The authors declare no competing interests.

Figures

**Fig. 1. ATG9A KO increases the number and size of LDs in HeLa cells.**
a Schematic representation of human ATG9A showing the four transmembrane helices, two helices that partially penetrate the membrane, and the cytosolic N- and C-terminal domains^,. Numbers indicate the position of amino-acid residues relevant to this study. b SDS-PAGE and immunoblot (IB) analysis of WT and KO HeLa cells using antibodies to the proteins indicated on the right of each panel. Actin IB was used as a loading control. The positions of molecular mass (Mr) markers (in kDa) are indicated on the left of each panel. Results are representative from three independent experiments. c Confocal fluorescence microscopy of WT and KO cells that were fixed, permeabilized and stained for LDs with BODIPY 493 (green) or antibody to PLIN3 (red) (both shown in grayscale). Nuclei were stained with DAPI (blue). Scale bars: 10 μm. Insets show enlarged views of the boxed areas. Scale bars: 1 μm. Results are representative from three independent experiments. d, e The number per cell (d) and size (e) of LDs were quantified in 20 cells in each of three independent experiments using the ‘Analyze particles’ function of Image J. Bar graphs represent the mean ± SD fold-change of these values for BODIPY 493 (black bars) and PLIN3 (gray bars) in KO relative to WT cells. Statistical significance was determined using one-way ANOVA with Tukey post-hoc test (ns [not significant] p > 0.05, *p < 0.05, **p < 0.01, ***p < 0.001).

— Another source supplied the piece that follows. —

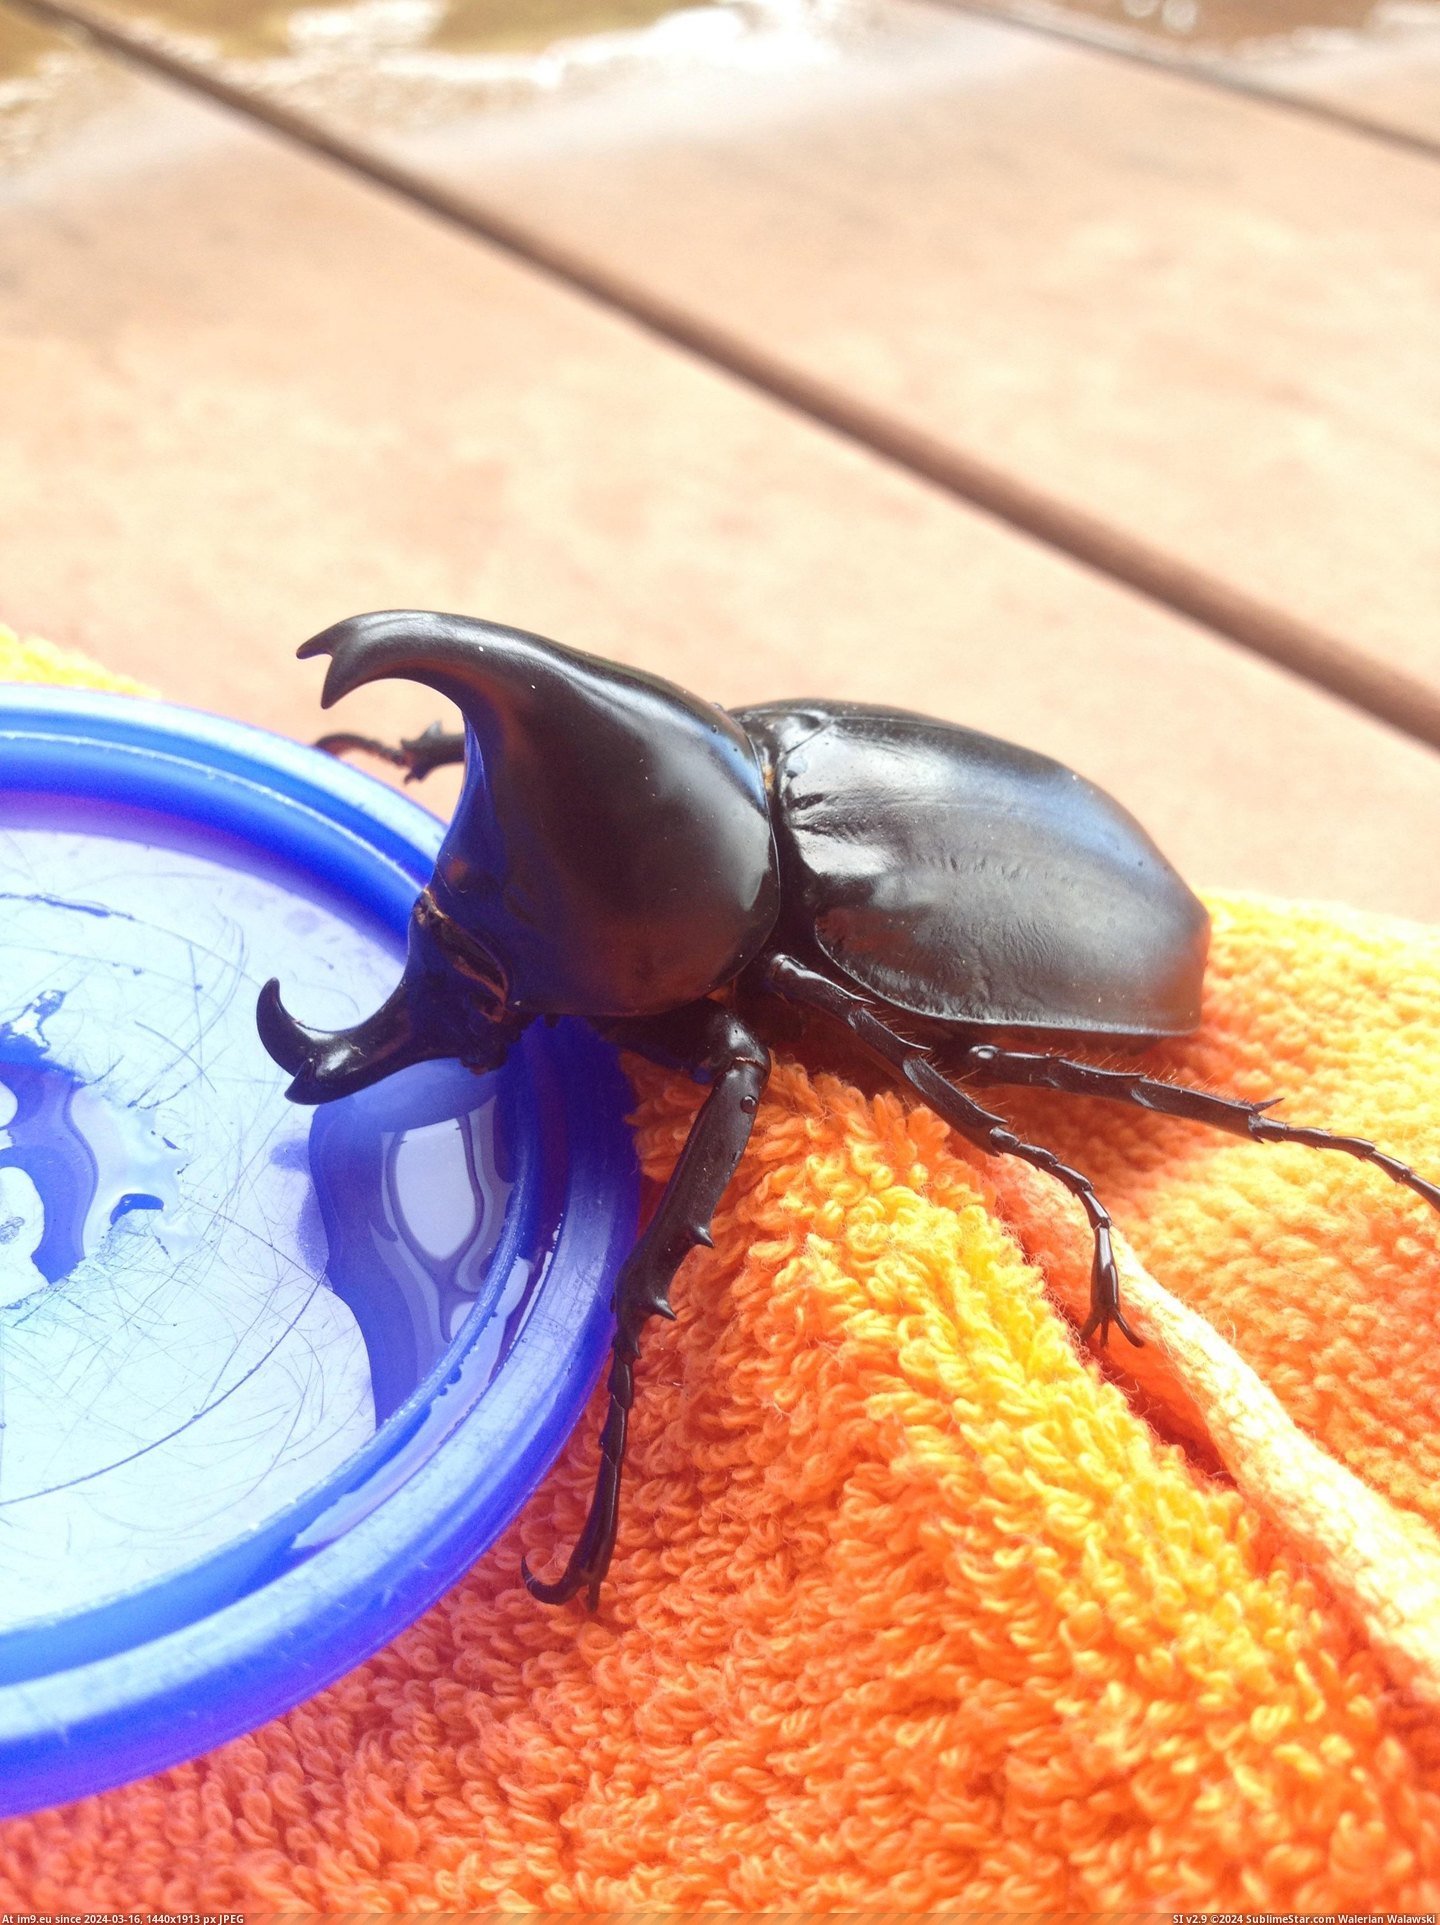 #Water #Live #Sugar #Beetle #Offering #Australia #Peace [Pics] I live in Australia. Today this beetle hissed at me so i got it some sugar water as a peace offering. Pic. (Изображение из альбом My r/PICS favs))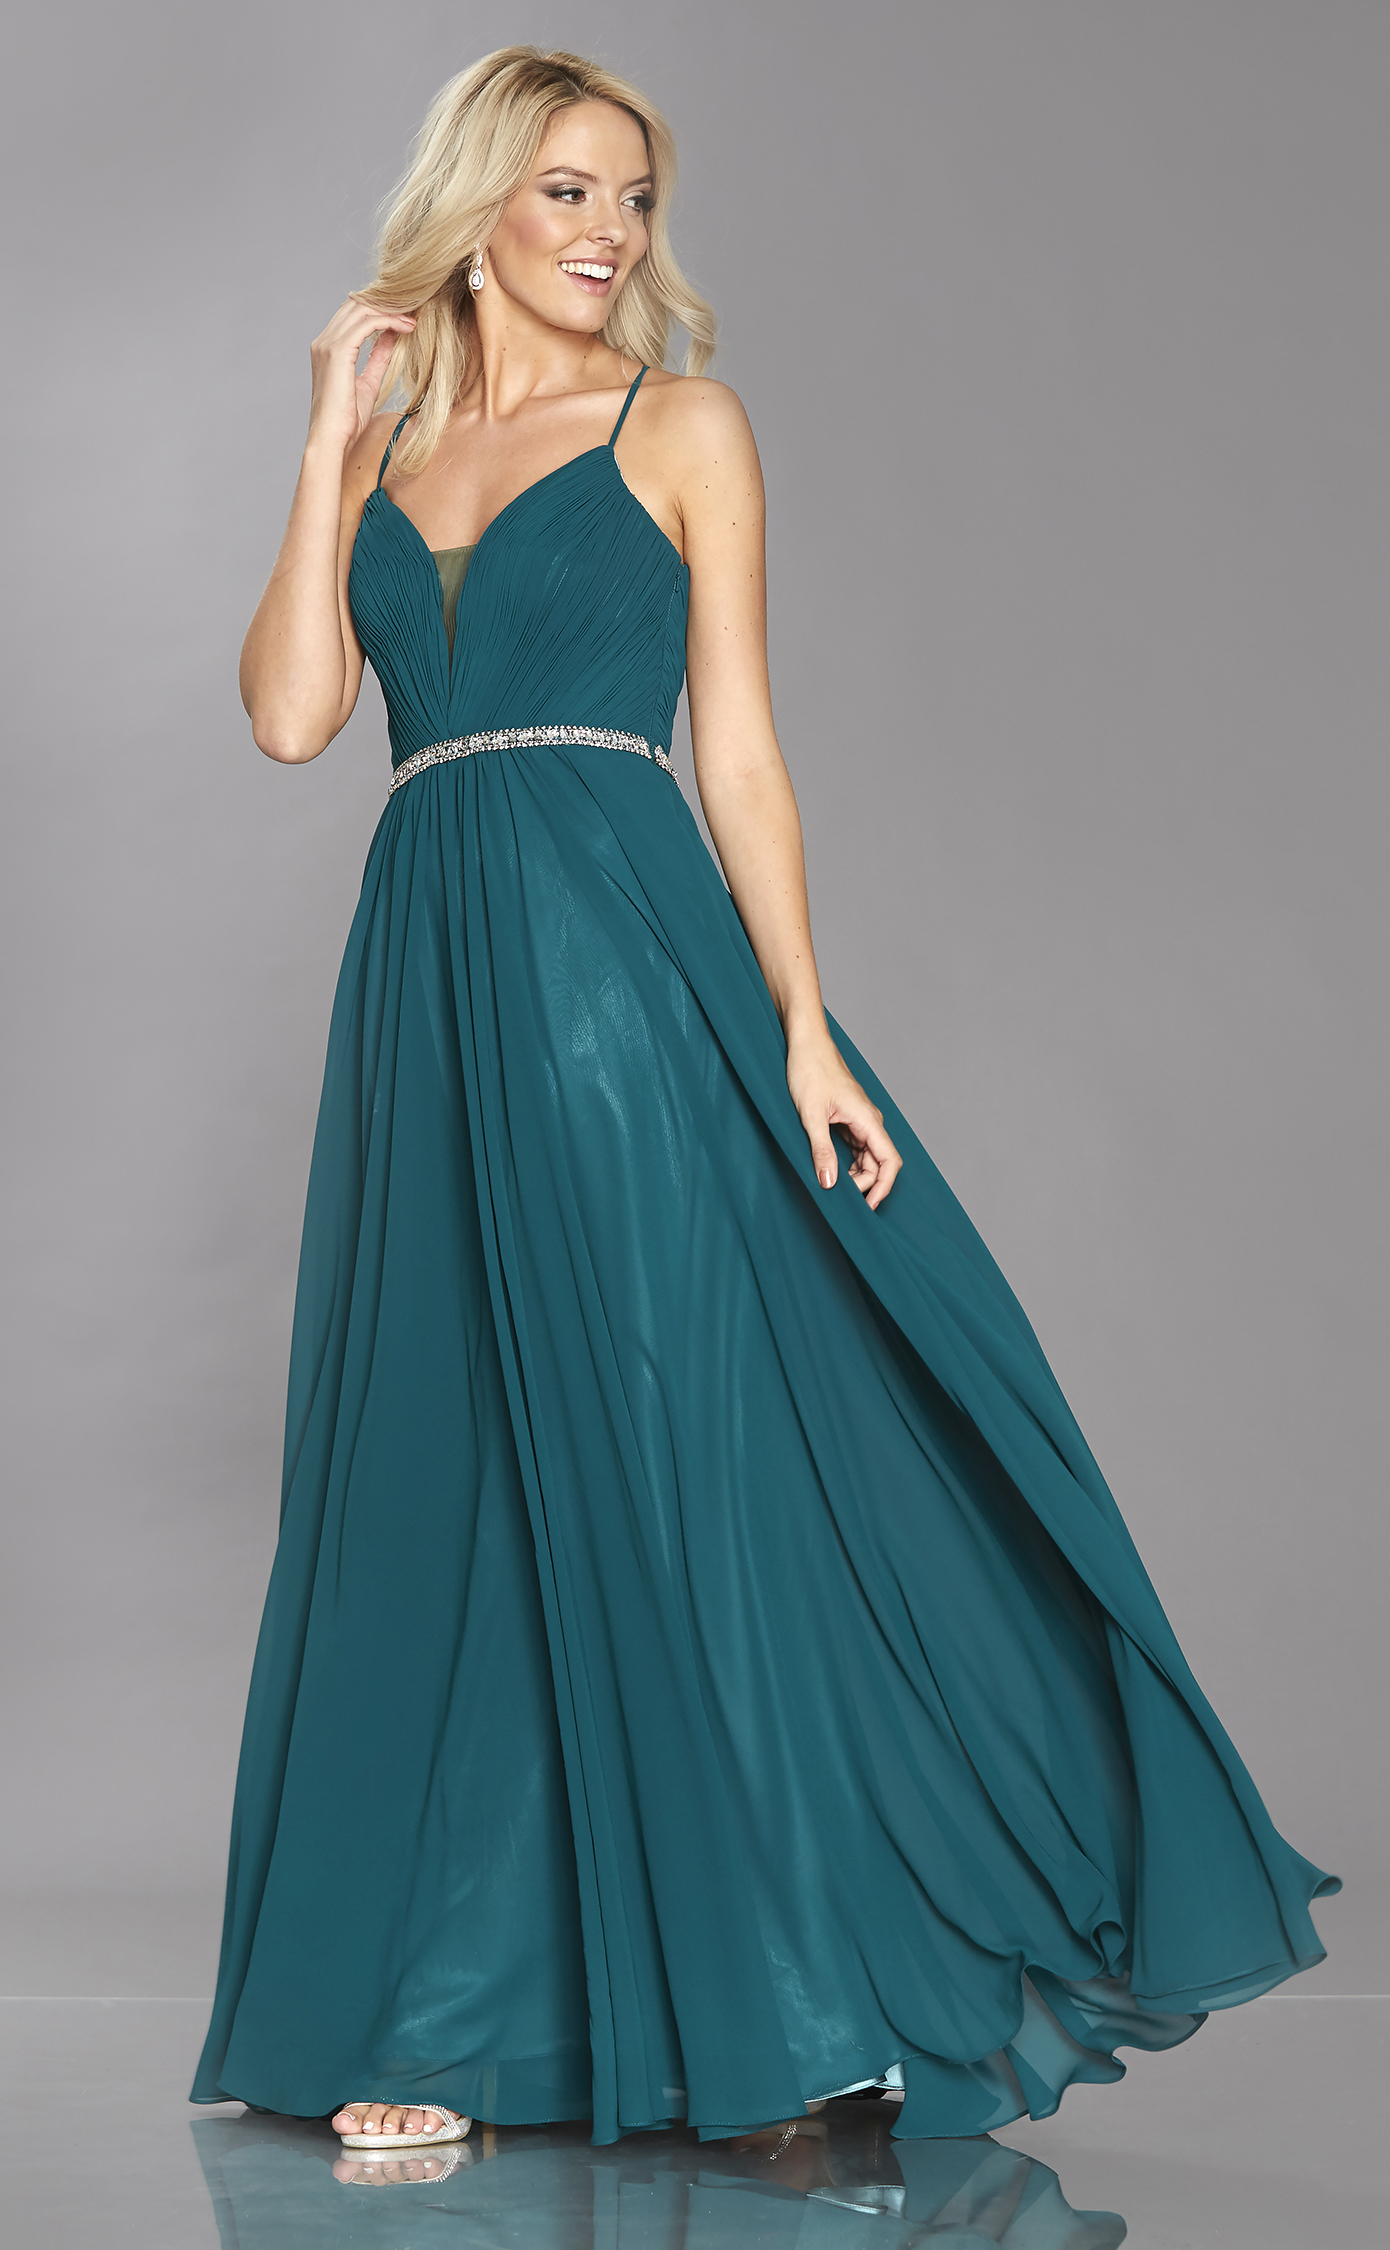 Grecian chiffon prom dress with laced back at Ball Gown Heaven

**Fig. 2. Accumulation of neutral lipids and phenotypic rescue of ATG9A-KO cells.**
a–d Measurement of neutral lipid levels in WT HeLa cells by BODIPY 493 staining and FACS analysis. a WT cells were incubated for 2 h at 37 ^oC with or without 200 μM oleic acid (OA), and stained (+) or not (-) with BODIPY 493. b Quantification of the BODIPY 493 geometric mean fluorescence intensity (gMFI) of 100,000 cells per biological replicate in three independent experiments such as that shown in panel a. Bar graph represents the mean ± SD fold-change in each condition relative to non OA-incubated cells stained with BODIPY 493. Statistical significance was determined using one-way ANOVA with Tukey post-hoc test (****p < 0.0001). c WT, ATG9A-KO, ATG2A-B-KO and ATG7-KO cells were stained with BODIPY 493 and analyzed by FACS. d Quantification of the BODIPY 493 gMFI of 100,000 cells per biological replicate in three independent experiments such as that shown in c. Bar graph represents the mean ± SD fold-change in KO relative to WT cells. Statistics were as described in b (ns p > 0.05, *p < 0.05, **p < 0.01). e–h SDS-PAGE and IB analysis of WT and KO cells for PLIN3 (e) and PLIN5 (g). The positions of molecular mass (Mr) markers (in kDa) are indicated on the left of each panel. Results are representative from three independent experiments. Bar graphs represent the mean ± SD of PLIN3 (f) and PLIN5 (h) levels normalized for actin from four independent experiments such as those in e and f, respectively. Statistical significance was determined using one-way ANOVA with Tukey post-hoc test (ns p > 0.05). i–k Functional rescue of the LD phenotype of ATG9A-KO cells. i Confocal fluorescence microscopy of ATG9A-KO HeLa cells transiently transfected with plasmids encoding GFP (control), ATG9A-GFP FL (full length), ATG9A-GFP 1-522, ATG9A-GFP 1-723 or ATG9B-GFP FL (green), and stained with an antibody to PLIN3 (red) and DAPI (blue). Single-channel images are shown in grayscale. Transfected cells are outlined. Scale bar: 10 μm. Results are representative from three independent experiments. j, k The number per cell (j) and size (k) of LDs were quantified using the “Analyze particles” function of Image J in 20 cells in each of three independent experiments such as that shown in panel i. Bar graphs represent the mean ± SD fold-change of values relative to untransfected WT cells. Statistical significance was determined using one-sided ANOVA with Tukey post-hoc test (ns p > 0.05, *p < 0.05, ***p < 0.001, ****p < 0.0001).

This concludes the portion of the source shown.